Principal Components Analysis (using example data)
This analysis was carried out using Minitab. A short series of notes describe how to complete a PCA using Minitab.
Principal Component Analysis Eigenanalysis of the Correlation Matrix (default method) Eigenvalue 2.449 1.6497 0.5140 0.3028 0.0845 Proportion 0.490 0.330 0.103 0.061 0.017 Cumulative 0.490 0.820 0.923 0.983 1.000
- The first row has the eigen values of the correlation matrix.
- The second row has the proportion of variation associated with each component, e.g. for PC1 2.449/5.000 = 0.490 or 49%.
- The third row gives the cumulative variation retained by the components, e.g. 0.820 is 0.490 + 0.330.
- Most of the information (82%) is contained within the first two components. Why do think this has happened (hint look at the correlation matrix and scatter plots)?
The eigen values (2.449, 1.6497, 0.514, 0.3028 & 0.0845) sum to 5.000 (same as the number of variables). Indeed the sum is always the number of variables (if the Correlation Matrix is analysed). When the correlation matrix is used each of the variables is standardised to have a mean of 0 and a variance of 1.0. Thus, the total variance to be partitioned between the components is equal to the number of variables.
The next table gives the eigen vectors of the five components. Normally (because their eigen values are larger than 1.0) we would restrict our interpretation to PC1 & PC2 only. Again there is a convention that we will follow. The eigen vectors are termed component loadings and they are used to calculate the component scores.
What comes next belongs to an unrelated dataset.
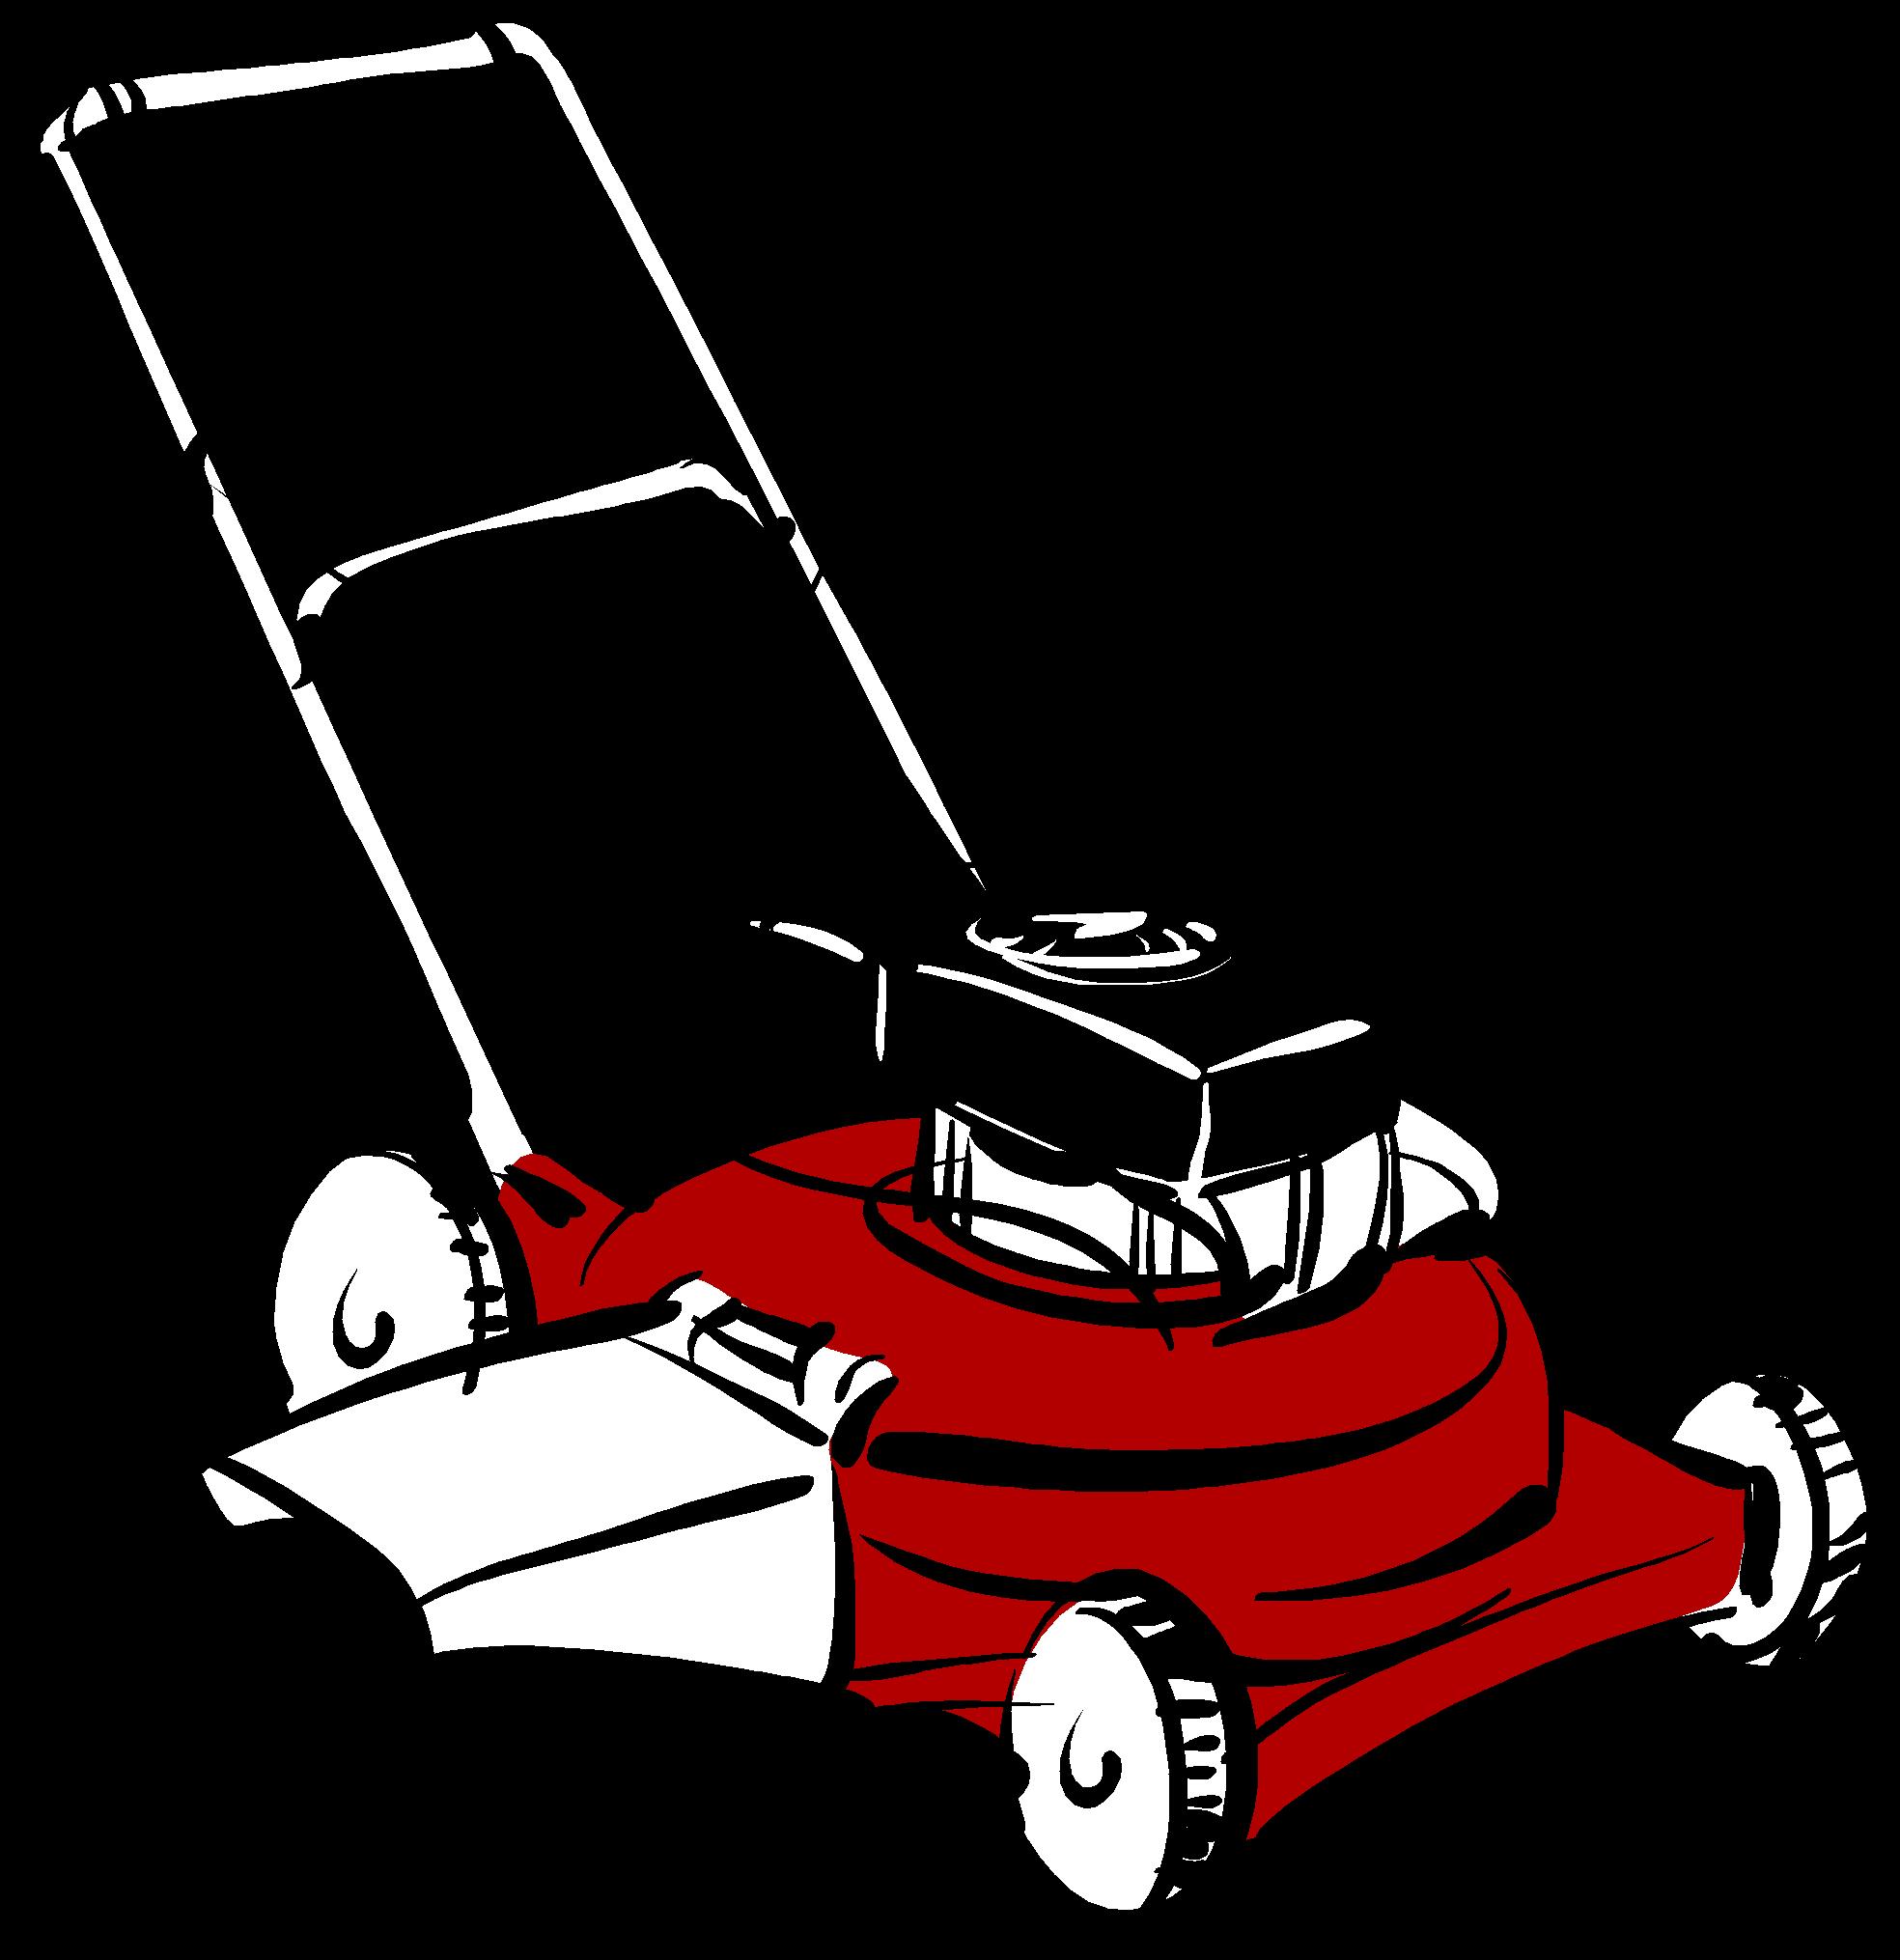 Lawn Mower Clipart #15186-Lawn Mower Clipart #15186-10

| Variable | PC1 | PC2 | PC3 | PC4 | PC5 |
|---|---|---|---|---|---|
| v1 | -0.514 | 0.260 | 0.477 | 0.631 | -0.205 |
| v2 | -0.605 | -0.134 | -0.228 | -0.022 | 0.751 |
| v3 | -0.587 | -0.078 | -0.381 | -0.357 | -0.613 |
| v4 | -0.120 | -0.652 | 0.667 | -0.340 | -0.020 |
| v5 | 0.102 | -0.695 | -0.361 | 0.598 | -0.134 |
Note that the calculation assumes standardised scores for the variables (mean = 0, standard deviation = 1.0). Because the variables share the same scale the loading, or weight, controls the contribution that each variable makes to the component score. Thus, v4 & v5 make only minor contributions to the first component, and more major contributions to the second component. In a real example we might attempt to assign some name to the combination of variables associated with a component. This aspect is considered in the examples that use real data.
Thus, our interpretation of these data is that
- The data can be represented adequately in just 2 dimensions.
- The first of these is associated with variables v1, v2 and v3.
- The second is associated with variables v4 and v5.
AN IMPORTANT POINT
The factor scores that are calculated have a mean of 0. This means that a negative score indicates a case with a below average score, whilst a positive factor score indicates a case with an above average score. Obviously a case with a 0 score is average.